エンジンそのものものには、日常の街乗り、週末の遠乗りでもストレスのないパワーとトルクは要求される。エンジンは2種類用意され、NAとターボエンジンである。ともに新開発の3気筒660ccDOHCエンジンで、NAの出力は43kw(58ps)/7300rpm、65Nm/3500rpmで、ターボエンジンは47kw(64ps)/6000rpm、104Nm/2600rpmとなっている。

N-BOX

これまでのホンダの軽用エンジンと比較し、ボアピッチを短縮しロングストロークに変更している。低回転域でのトルクを大きくし街乗りでの使い勝手に貢献している。そしてヘッドまわりでは、VTC(連続可変バルブタイミング・コントロール)を採用し、吸気効率、燃焼効率を向上させ、さらにラッシュアジャスター機構を採用することで、タペット調整が自動になりメンテナンス機構の削減もできている。エンジン単体として約15%以上の軽量化を行いミニマムエンジンを実現している。

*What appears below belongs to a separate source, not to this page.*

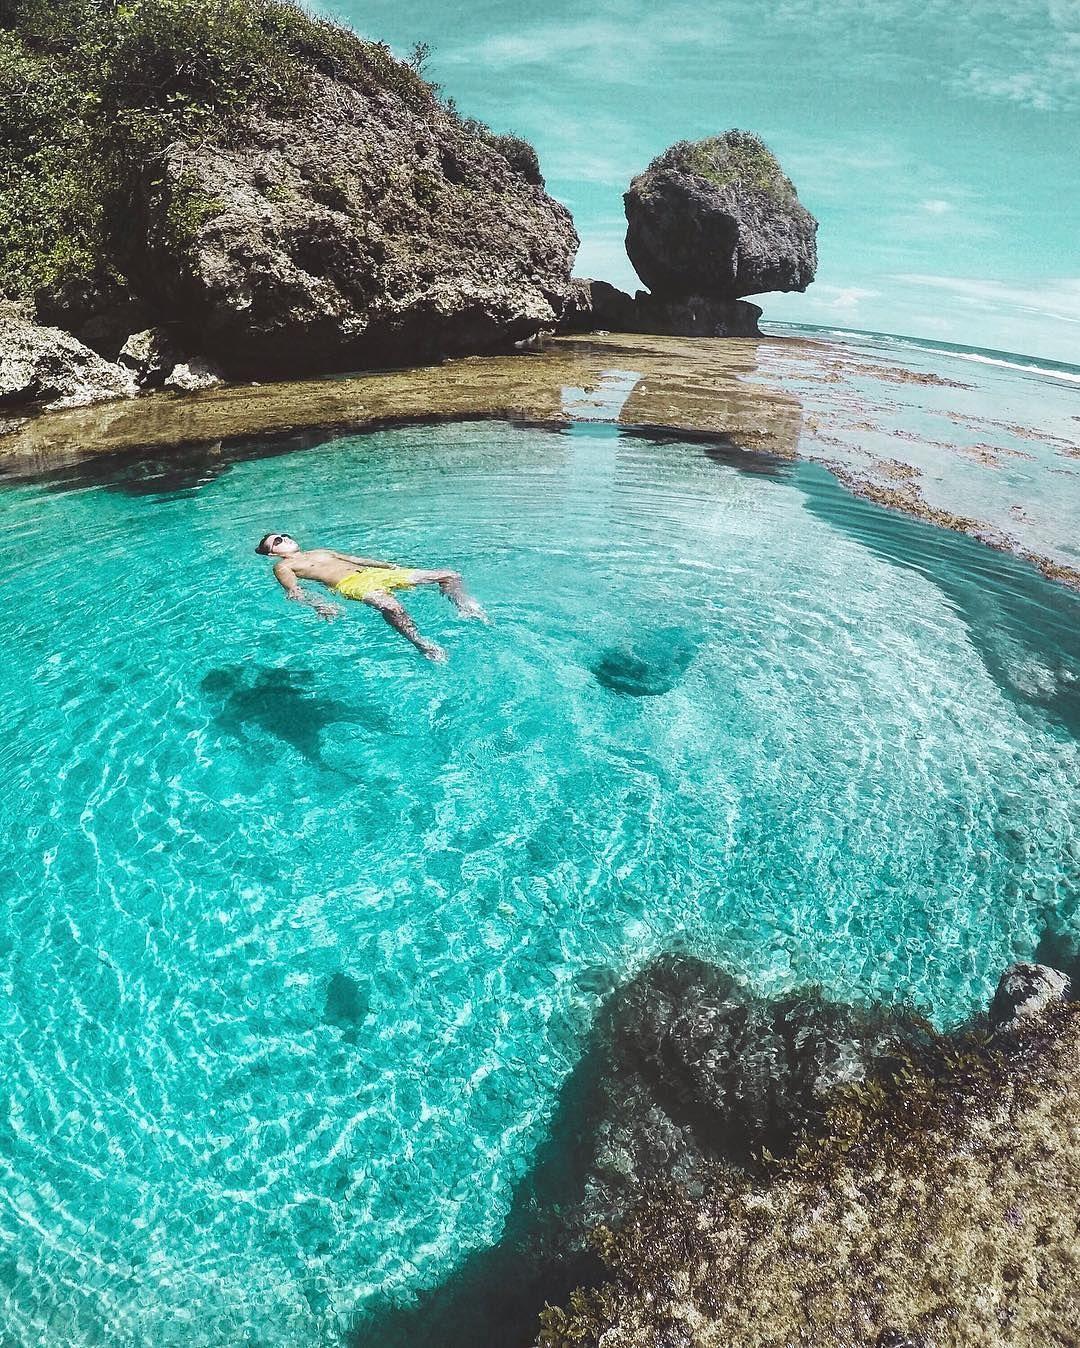 📍Magpupungko Rock Pools, Siargao, Philippines 🇵🇭 | Siargao island

搭載されるCVTも新設計されている。CVTはエンジンからの入力トルクが大きく、回転数が低いほうが伝達効率がよいという特性を利用し、プーリー手前に1次減速機構を設けて入力回転数を下げることで相対的にトルクを増大させる方式を採用している。この1次減速機構にはプラネタリーギヤを使わず、平行軸式1次減速機構を採用している点はホンダ・エンジニアの拘りを感じる部分でもある。

衝突安全

そしてアイドリングストップ機構をターボ車を除き、全車に装備している。ECOモードに連動し、スイッチオンの状態で作動する設定になっている。作動のタイミングは車両停止後、約1秒で停止する設定だ。環境性能としては全タイプで「平成17年排出ガス基準75%低減レベル」認定を取得し、「平成22年度燃費基準+25%」を達成している。達成された燃費については、NAエンジンのJC08モードは22.2km/Lで、ターボ車は18.8km/Lであり、モード燃費より実用燃費追求型になっているといえる。

シャシー
スーパーハイトワゴンは全高が高いためにロールが大きくなりやすい特徴があるが、N-BOXはロングホイールベース化や新設計のサスペンションで、走行安定性、乗り心地の向上をバランスさせている。そして低転がり抵抗のタイヤを採用することで、低燃費化も追及している。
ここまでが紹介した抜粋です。